Pembentukan PBH DPC Peradi Sleman ditandai dengan pengangkatan pengurus PBH untuk masa jabatan 2017- 2020  di Gedung Pertemuan Unit I Pemda Sleman , Kamis (18/5/2017) malam.

“ PBH ini dibentuk melalui surat keputusan Dewan Pimpinan Nasional Peradi nomor Keb,030/PERADI/DPN/IV/2017  ,” jelas Ketua Panitia Pengangkatan  Pengurus PBH Peradi Sleman , Sapto Nugroho Wusono SH  disela berlangsungnya  acara itu.

Dengan terbentuknya , tambah Sapto  lembaga ini diharapan bisa menjadi sarana  pendampingan, informasi dan pemahaman tentang hukum kepada masyarakat, khususnya bagi warga tidak mampu.

Ketua PBH DPC Peradi Sleman, R Widhie Arie Sulistyo SH menyebutkan usai  pengangkatan  ini  akan segera menyusun program kerja.

“ Segera kita gelar rapat pengurus untuk menyusun program kerja, yang tak kalah pentingnya secepatnya akan kita lakukan komunikasi dan kerjasama dengan aparat penegak hukum terkait, yakni  Jaksa , Polisi dan Hakim ,” tukasnya.

Akses bantuan hukum  gratis , tentunya dengan persyaratan  diantaranya dengan menyertakan Surat Keterangan Tidak Mampu dari Desa setempat .
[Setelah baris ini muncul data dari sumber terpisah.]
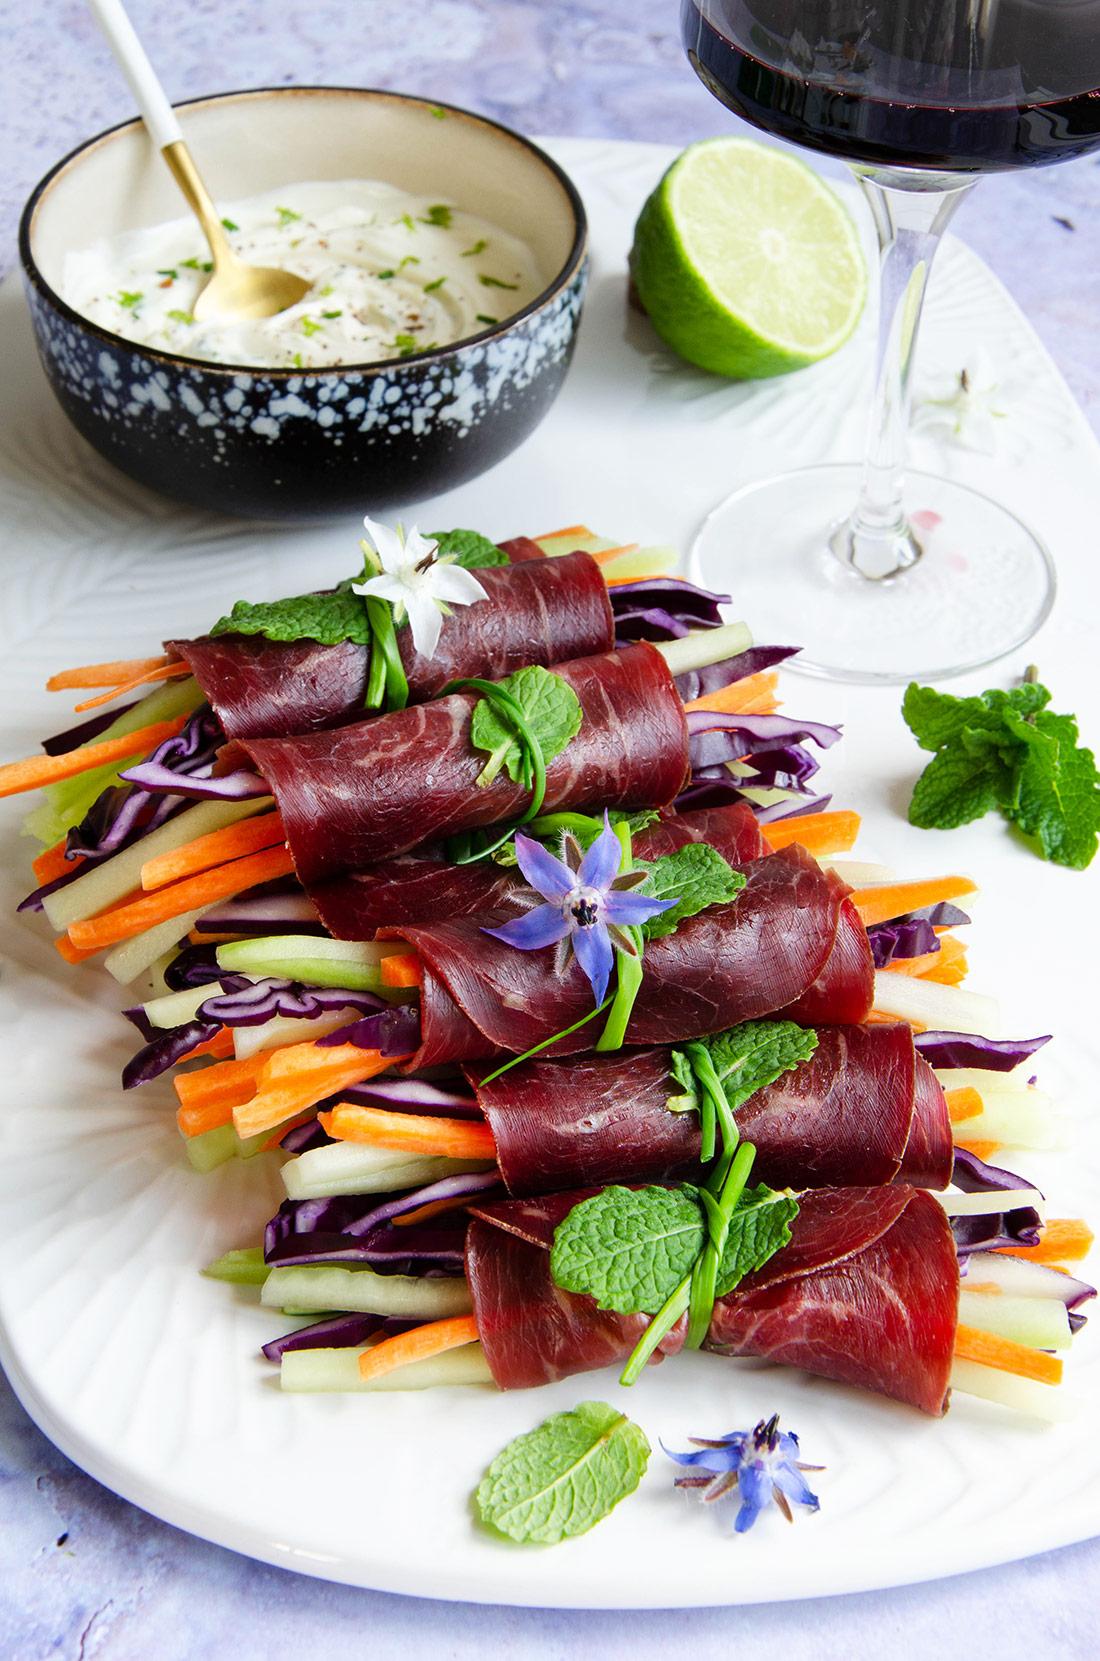 Rouleaux de boeuf séché aux légumes pour l'apéro

“ Seperti diamanatkan dalam UU nomor 18 tahun 2003 dan UU nomor 16 tahun 2011 tentang Bantuan Hukum , PBH Peradi Sleman siap memberikan pendampingan dan bantuan hukum secara gratis, tentunya dengan persyaaratan  sesuai regulasi tersebut,” beber dia.

Berikut susunan pengurus PBH Peradi Sleman , Ketua Dewan Penasehat Hariyanto SH dengan anggota Gatot Murwahjudi SH, Sunu W Ciptahutama SH , Pangeri Perangin-Angin SH M.Hum dan Hillarius Ngaji SH.

Sedangkan jajaran Dewan Pengurus , Ketua R Widhie Arie Sulistyo SH, Sekertaris Asnani SH , Bendahara Purwoko SH , dengan anggota Cahyo Irawan SH, Heri Antoro SH , Achmad Deva Permana SH, Setya Utami SH dan Alun Bayu Krisna SH . MH.